Так они и вернулись к тому, с чего начали: ирония или ее отсутствие. Вместе с евреями немцы уничтожили и их иронию. И остались вариться в собственном соку, а такого никому не пожелаешь. Ирония, взгляд со стороны, необходимая воздушная прослойка, примерно такой была последняя фраза, а после нее Виктор произнес лишь два слова:
— Скучно, да?
Он снова всмотрелся в монастырь. Еще не обрушившаяся часть стены с высоким готическим окном, через которое льется свет, более яркий, чем может излучать узкий серп месяца.
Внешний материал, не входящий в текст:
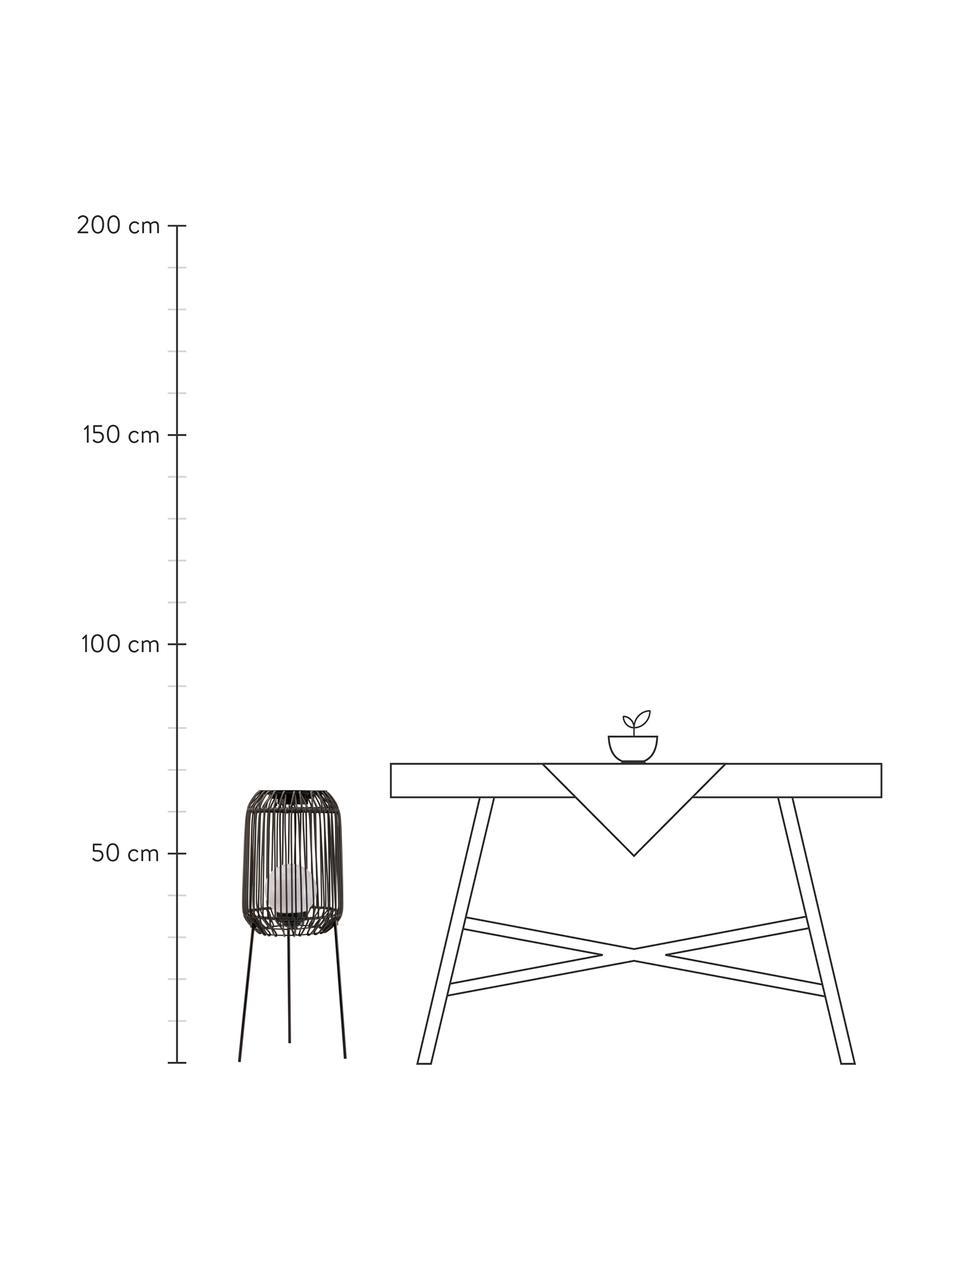 Mobile Solar Bodenleuchte Sunshine Coziness, Lampenschirm: Polyrattan, Lampenfuß: Metall, beschichtet, Schwarz, Grau, Ø 28 cm
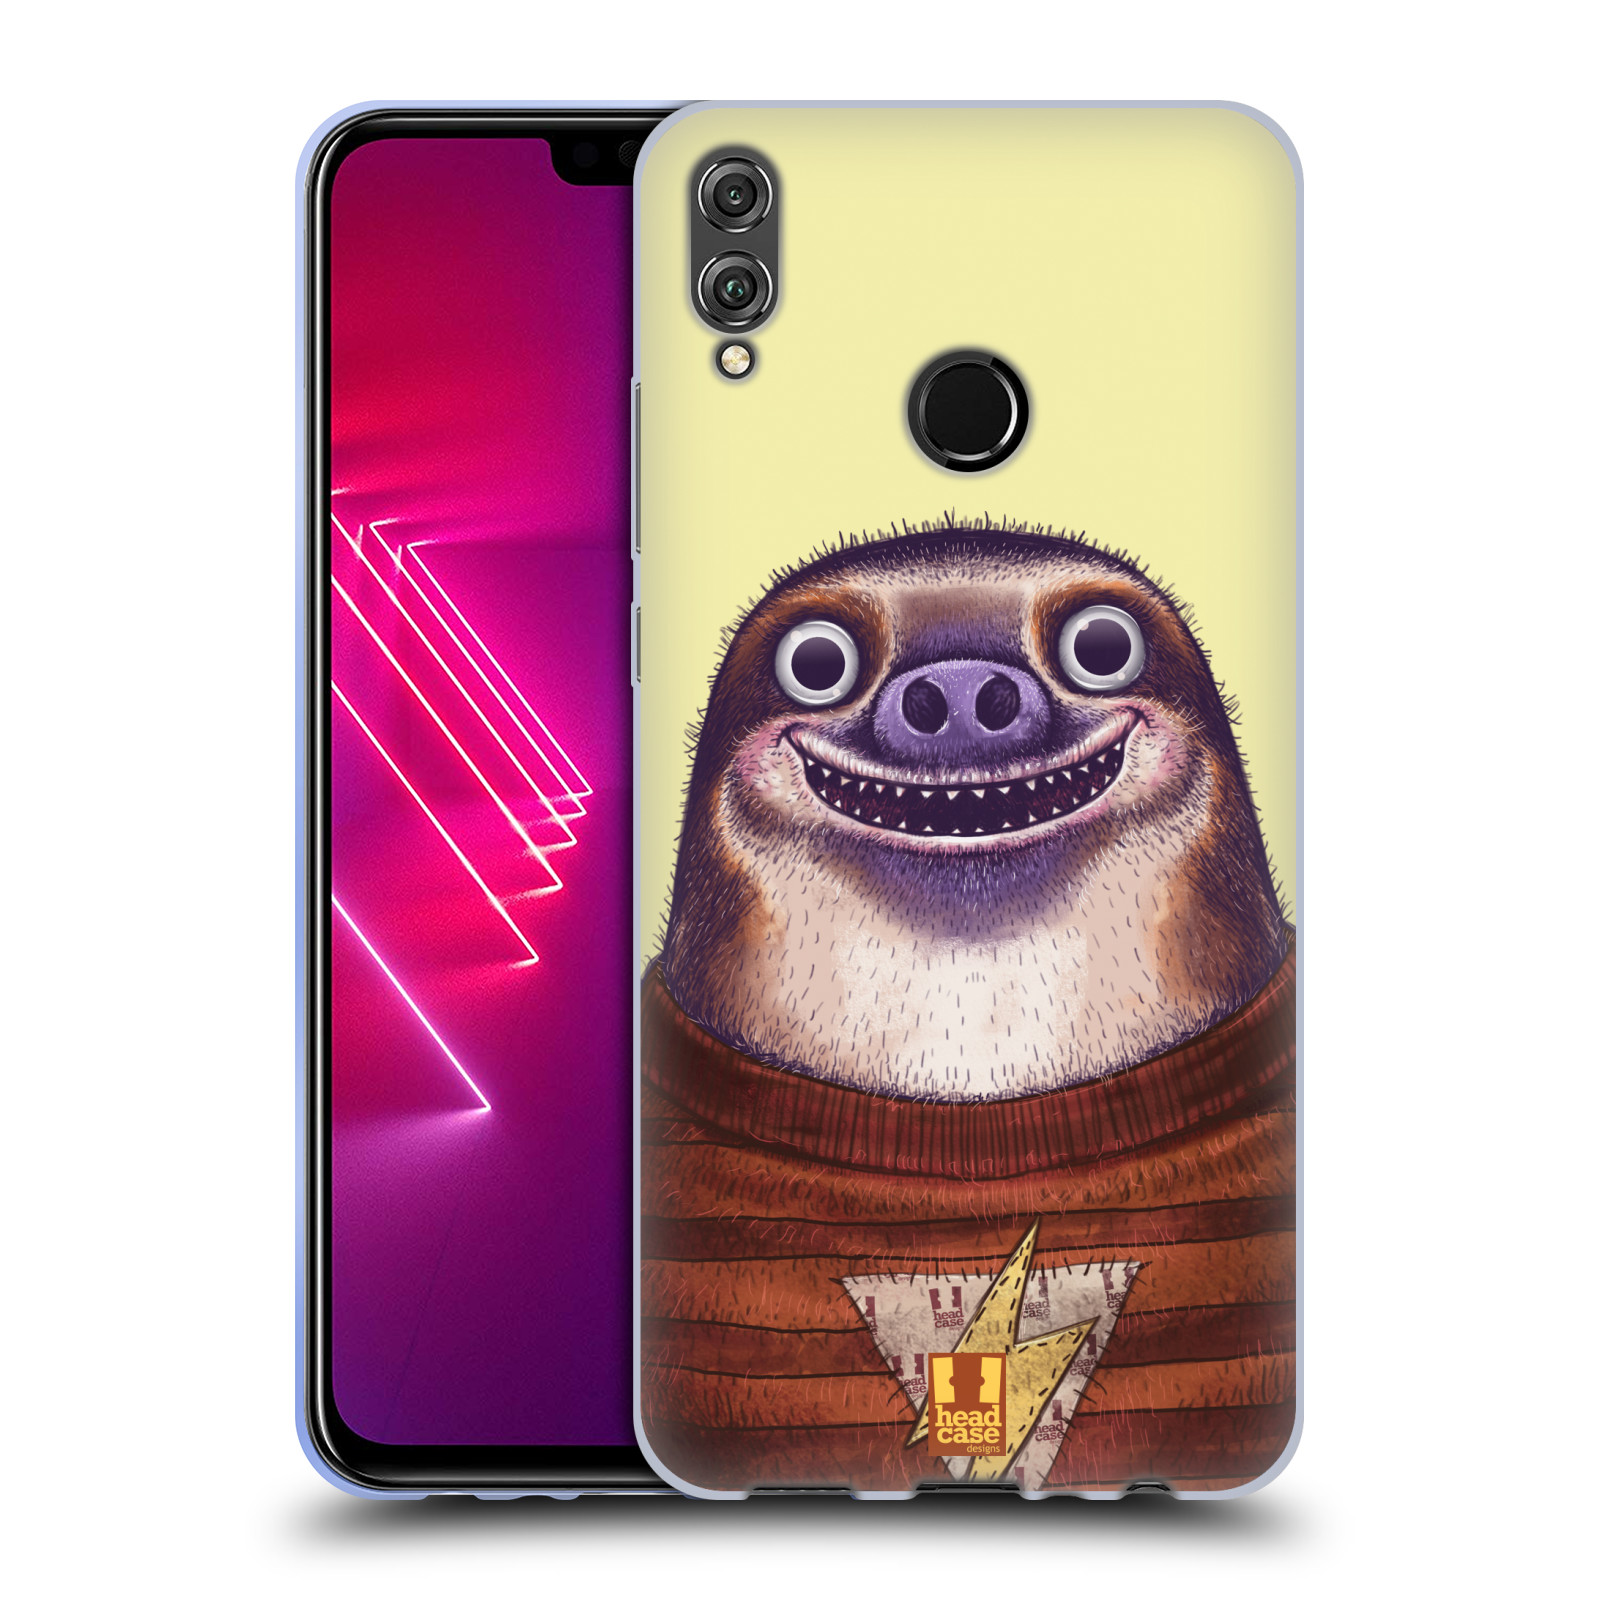 Silikonové pouzdro na mobil Honor View 10 Lite - Head Case - ANIMPLA LENOCHOD

Развалины, покосившиеся надгробия, причудливые деревья, словно призраки, метафизическое освещение, наклонный крест на могиле, да-да, все правильно. Ode, Finsternis. Безлюдье, тьма. Охотничьи угодья германской души, которая сейчас, в конце безумного века, наконец-то закончила свою охоту. То ли из-за новой ясности мыслей, то ли из-за отрезвления после проигранной войны и наказания делением пополам или просто-напросто, как в других странах, из-за победы денег — этого он не знал.
Картины в следующих залах были несказанно добродетельны. Медные закаты солнца, безопасные леса, журчащие водопады, невинные женщины, собаки, обожающие хозяев, мир без первородного греха. По сравнению с этими картинами Фридриху надо отдать должное: у него есть хотя бы предчувствие. Так что в каком-то смысле Виктор, пожалуй, был прав. Искусство без предчувствия — ничто. Надо ли эту мысль насильно вбивать в голову молотком — другой вопрос, но силы тьмы, похоже, действительно существуют.
— И тогда одной иронии, наверное, недостаточно.
Нет, это сказал не Виктор. Артур посмотрел на часы. Полтретьего. Сам не зная, чем займется дальше, пошел в гардероб. В окна южного фасада он снова увидел проезжавшую мимо огромную снегоуборочную машину. Казалось, будто оранжевая мигалка хочет поджечь вихри снежных хлопьев.
Томас. Против умерших мы беззащитны, какими бы маленькими они ни были. Первый раз, когда он увидел снег. Ему, пожалуй, не было и трех лет. Они разбудили его и вышли с ним в сад, чтобы показать малышу чудо. Но он закричал и заплакал и прижался лицом к Рулофье. Артур навсегда запомнил те слова, что он кричал: «Это нельзя, это нельзя!»